First time posting on here, I’m a big fan of Rasa and the options it provides us looking to create meaningful and powerful chatbots. Though, something I’ve been curious about is whether or not Rasa has the ability to use dask to help train Rasa models.
I came accross the rasa.engine.runner.dask documentation located here:
I just would like some more elaboration as to how you can use Rasa with dask and also what parts of dask is Rasa using. For example is Rasa using the dask graph and executor to be able to train Rasa models on a dask cluster or your local machine?
Also, what examples currently exist for using Rasa with Dask?
Thanks again and much appreciated!
Hi Brian, I am interested in this subject and want to use Dask on Ray. Observing the code, I noticed that Dask is used but I’m stuck with Ray for bachelor thesis.
Anyway, Rasa already uses Dask, at least in versions 3+ for training graph but they use
dask.get() on line 101 of
dask.py, which is “single-threaded” and certainly synchronous scheduler. Apparently, tensorflow already uses parallel tasks locally but does not scale well over one machine.
Hi @toza-mimoza ,
I’m very interested in this as well. Mainly my use case is just making sure that if we use what’s available here, would it be able to be passed to a dask cluster for use in a local or remote setting? I’m also someone interested in rapids for nlp use on a gpu. But if any form of this works with the dask executor then this will be in the right direction. It would be weird to do dask integration for Rasa and just leave that ability out.
Hi @bparbhu ,
I suppose it would be possible to use Dask locally and remotely although I am not familiar with Dask, but let’s stir up the community and developers to help us.

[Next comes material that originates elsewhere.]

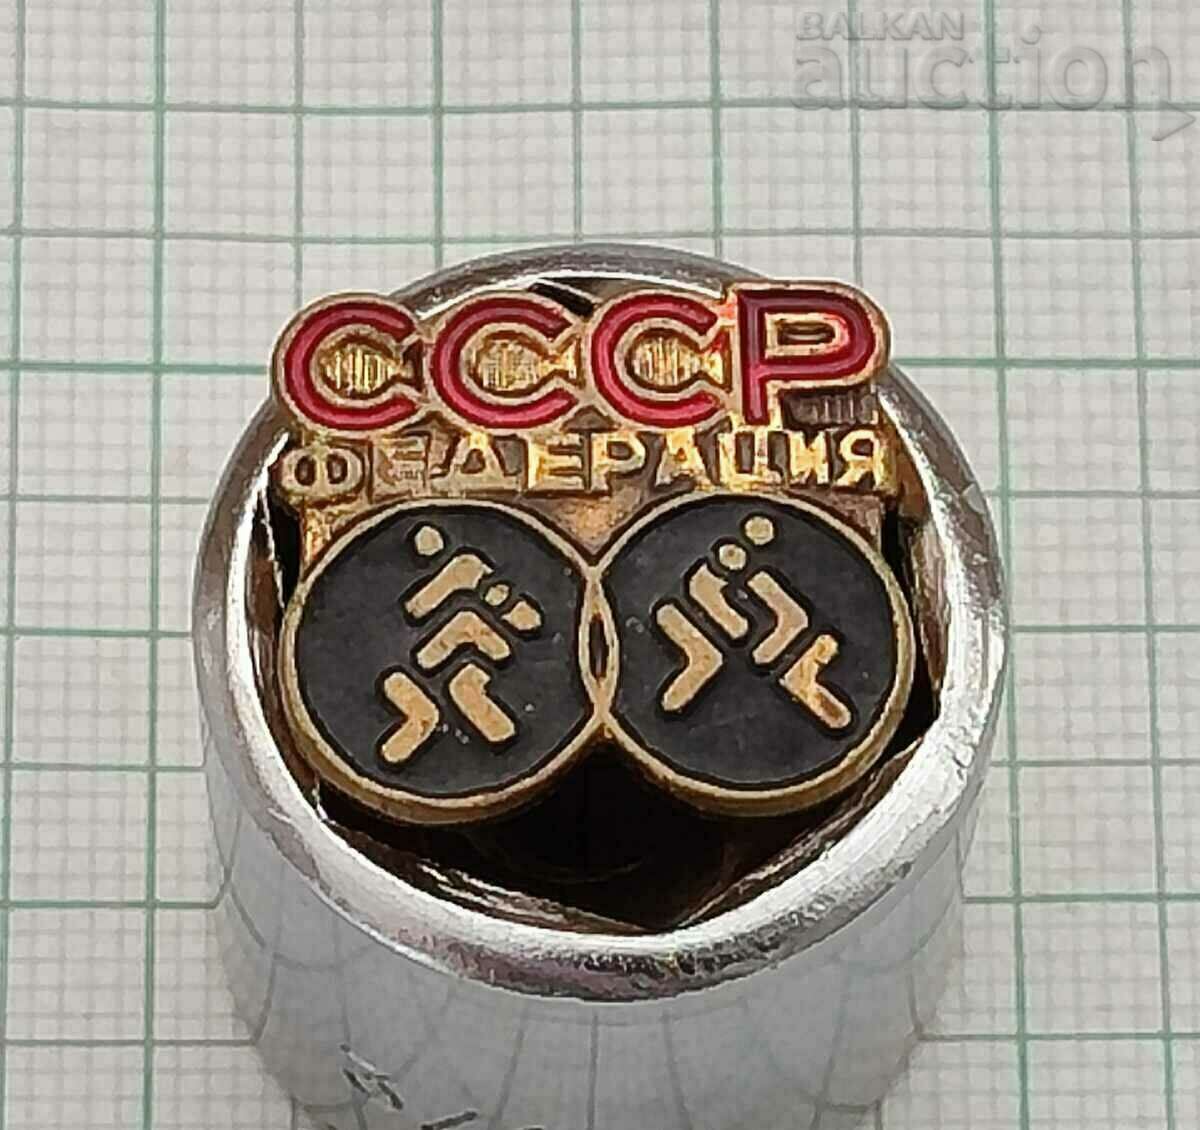 USSR WRESTLING FEDERATION BADGE

Here I had this suggestion/question for
DaskGraphRunner regarding the synchronous/threaded scheduler [DaskGraphRunner] dask.threaded.get instead of dask.get · Issue #10754 · RasaHQ/rasa · GitHub.
Here is my post regarding Dask on Ray integration: Dask on Ray for DaskGraphRunner: Serialization of GraphNode class.
Hope our questions get answered.
@bparbhu It’s been days but I have managed to run Rasa’s Dask graph on Ray cluster.
Here are my observations:
To be clear, I had to disable cache since it cannot be serialized (there is an SQLAlchemy object in a
TrainingHook somewhere in the code) and it’s not important for my use case (Bachelor thesis/research) but that’s already already a big disadvantage for Rasa 3.x+.
I did not change the configuration nor added any stories or intents, it was a pure
rasa init chatbot.
On Azure I have 3 VMs with 2 vCPU resources each, which makes 6 in total for the whole cluster. At any time Dask graph uses up to 5 vCPUs, with 3-4 being most common, because I suppose max 4 graph nodes can be ran in parallel. That corresponds with local testing on a single-node cluster with my computer, where I do not see the benefit of parallelizing beyond 4 threads.
So the best bet is using threaded dask and not the cluster.